Deductions included on pages 4 to 8 of the T2 tax return are applied to the base amount of Part I tax ( taxable income * 38%) in order to derive tax payable.
Confidentiality
The confidentiality of reported corporate statistics is protected under the Income Tax Act. Only grouped corporate statistics are released as they cannot be used to identify individual corporate information.
In some cases, data have been suppressed for confidentiality purposes. Suppressed information also includes valid zeros. Totals include the suppressed information.
In addition, counts are rounded to the nearest ten, and dollar amounts are rounded to the nearest thousand. Totals may not add up due to rounding or suppression.
Data sources
The corporate statistical tables reflect corporation income tax returns filed and assessed or reassessed for the tax years that ended in 2007 to 2011. Statistics used to produce these tables come from a database created within the Intelligence, Statistics and Data Directorate of the Canada Revenue Agency (CRA). It contains data on all corporation income tax returns and related schedules as of December 31, 2013. The Business Number (BN) file, as of December 31, 2013, was also used for the North American Industry Classification System codes.

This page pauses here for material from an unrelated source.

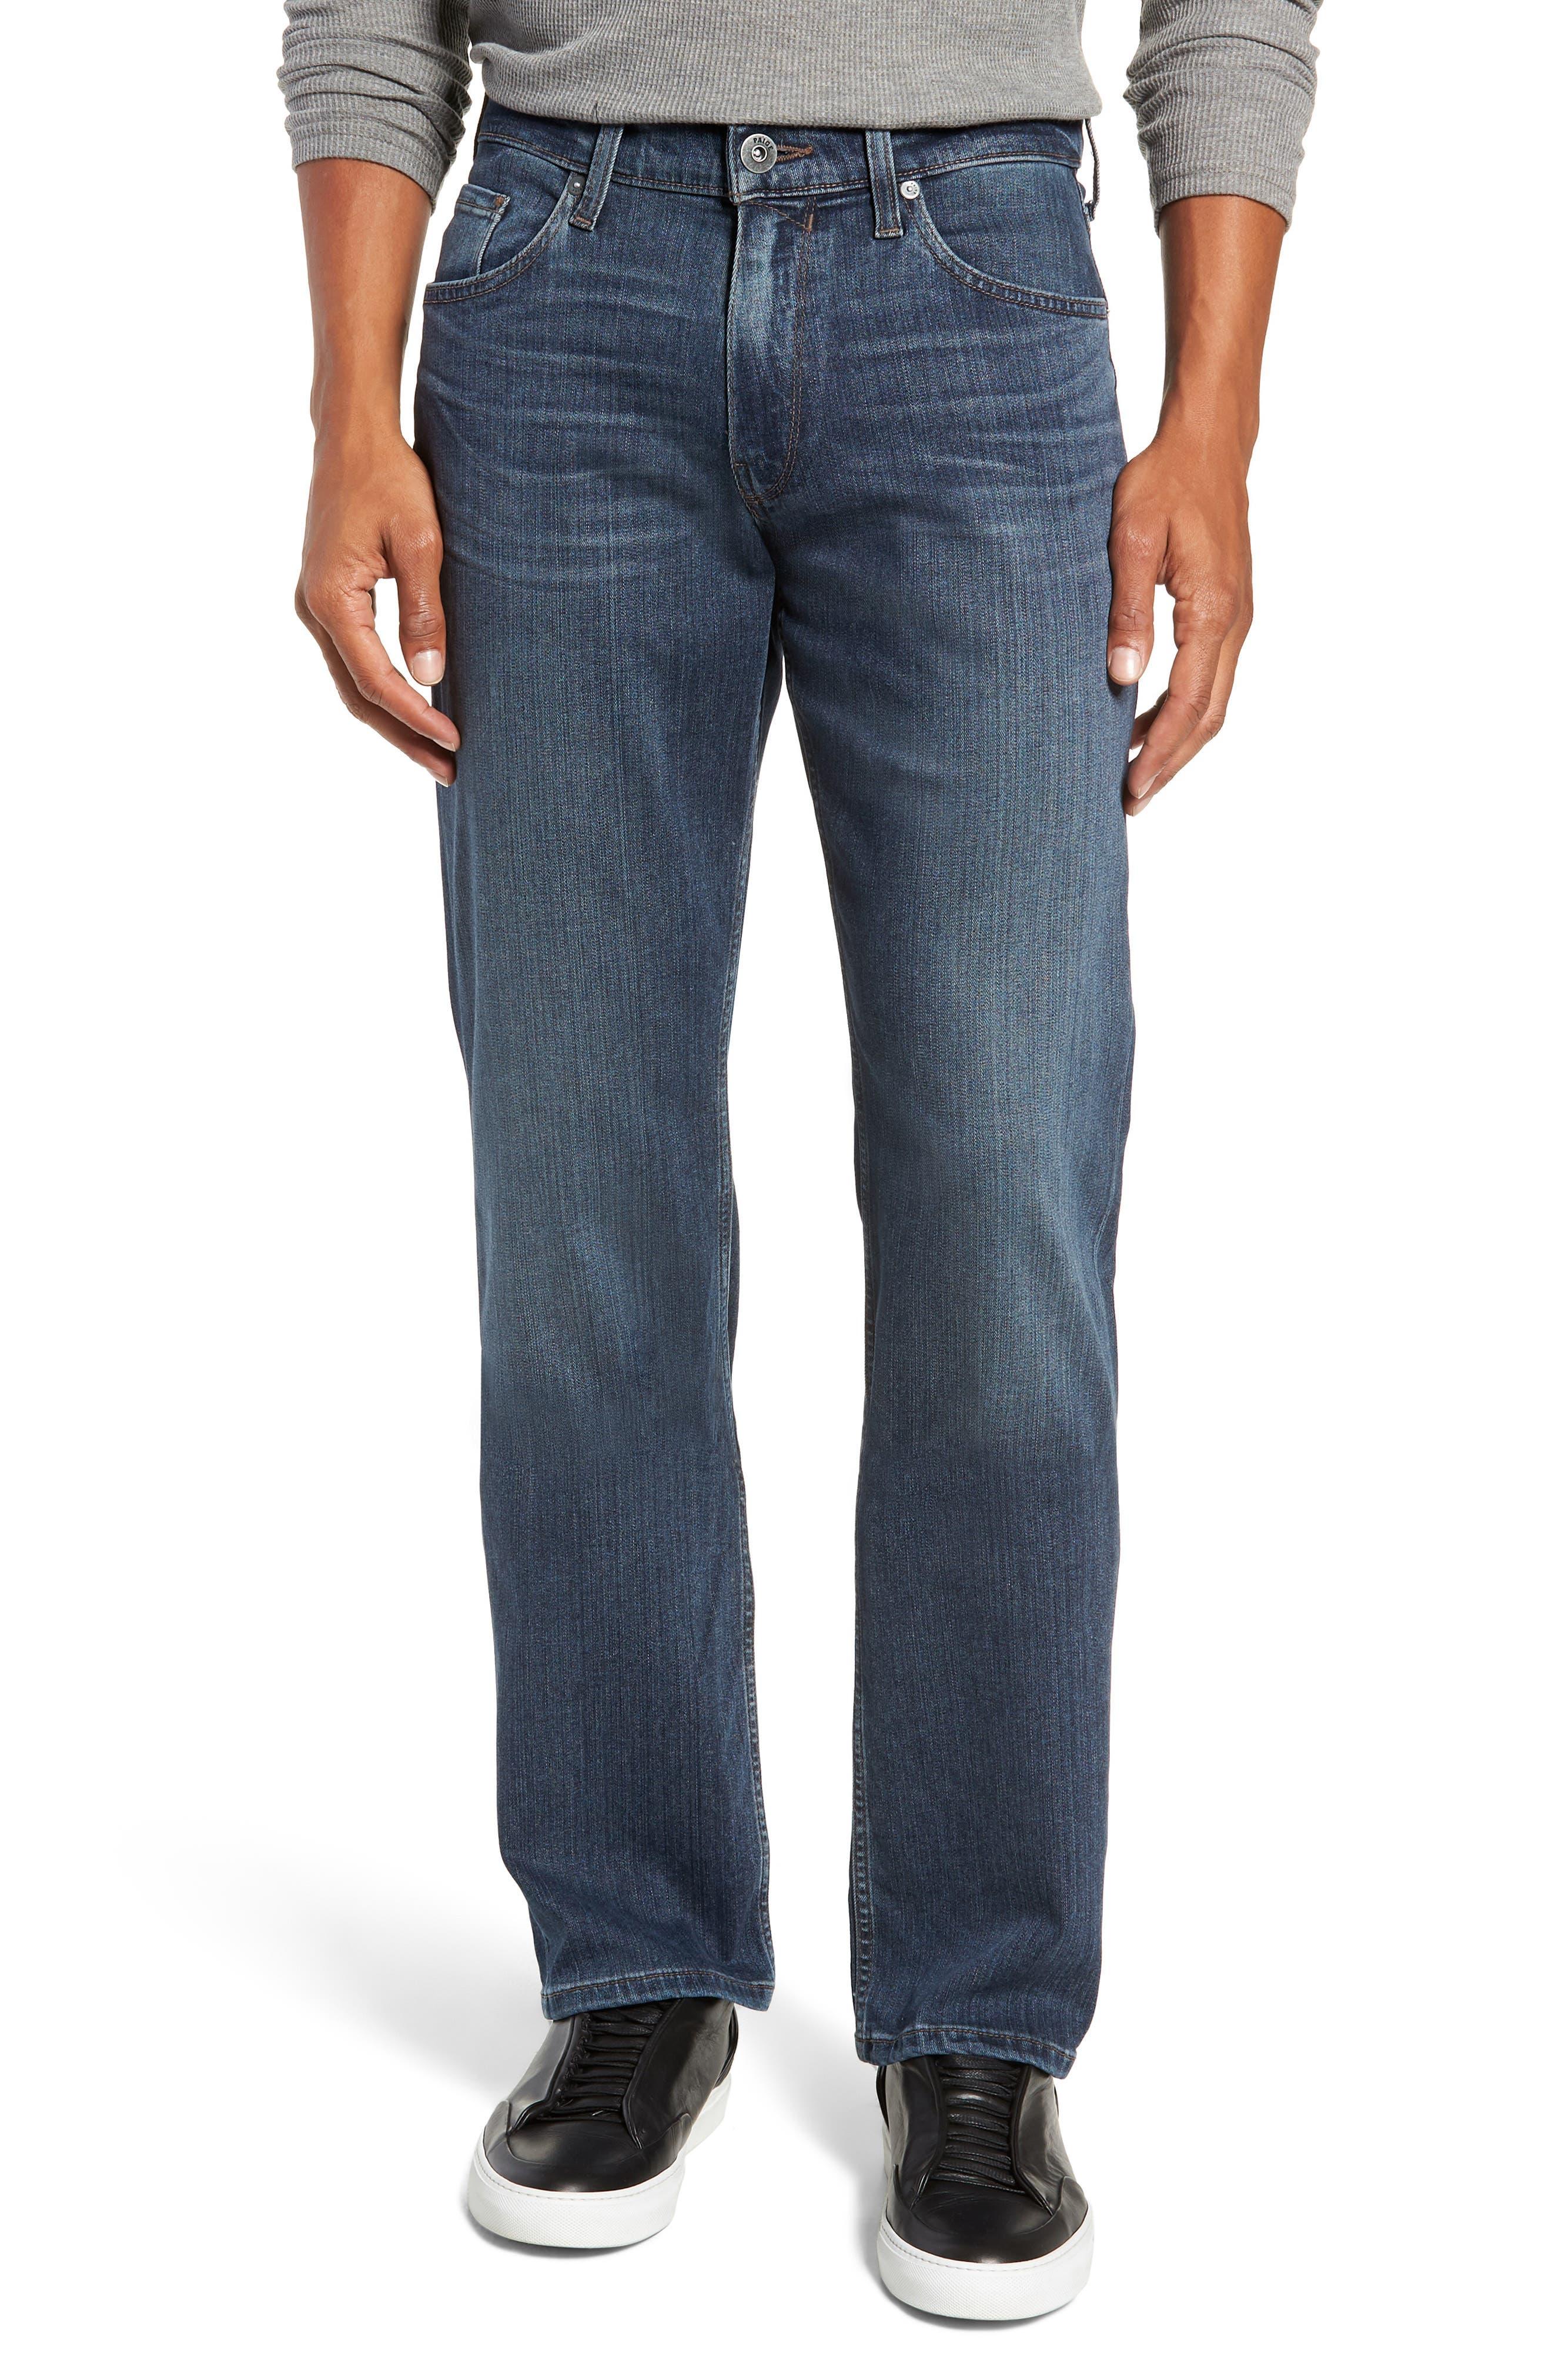 Transcend - Normandie Straight Leg Jeans,                             Main thumbnail 1, color,                             DILLON

Changes that impact the data
The main changes that affected the corporate income taxes administered by the CRA are:
- On October 6, 2006, the government of Canada signed a memorandum of agreement with the government of Ontario that led to the CRA administering Ontario’s provincial corporate income tax beginning with tax years ending after 2008.
- The small business deduction threshold at which the general federal tax rate applies increased from $400,000 to $500,000 on January 1, 2009.
- The general federal tax rate was 22.12% in 2007 (including a 1.12% surtax), 19.5% in 2008, 19% in 2009, 18% in 2010, and 16.5% in 2011.
- British Columbia’s general corporate tax rate dropped from 12% to 11% effective July 1st, 2008, to 10.5% effective January 1st, 2010 and to 10% on January 1st, 2011. The small business tax rate of 4.5% dropped to 3.5% effective July 1st, 2008 and to 2.5% effective December 1st, 2008.
- Manitoba’s general corporate tax rate dropped from 14.5% to 14% effective January 1st, 2007, to 13% effective July 1st, 2008 and to 12% effective July 1st, 2009. Manitoba’s small business tax rate dropped from 4.5% to 3% effective January 1st, 2007, to 2% effective January 1st, 2008, to 1% effective January 1st, 2009 and to 0% effective December 1st, 2010.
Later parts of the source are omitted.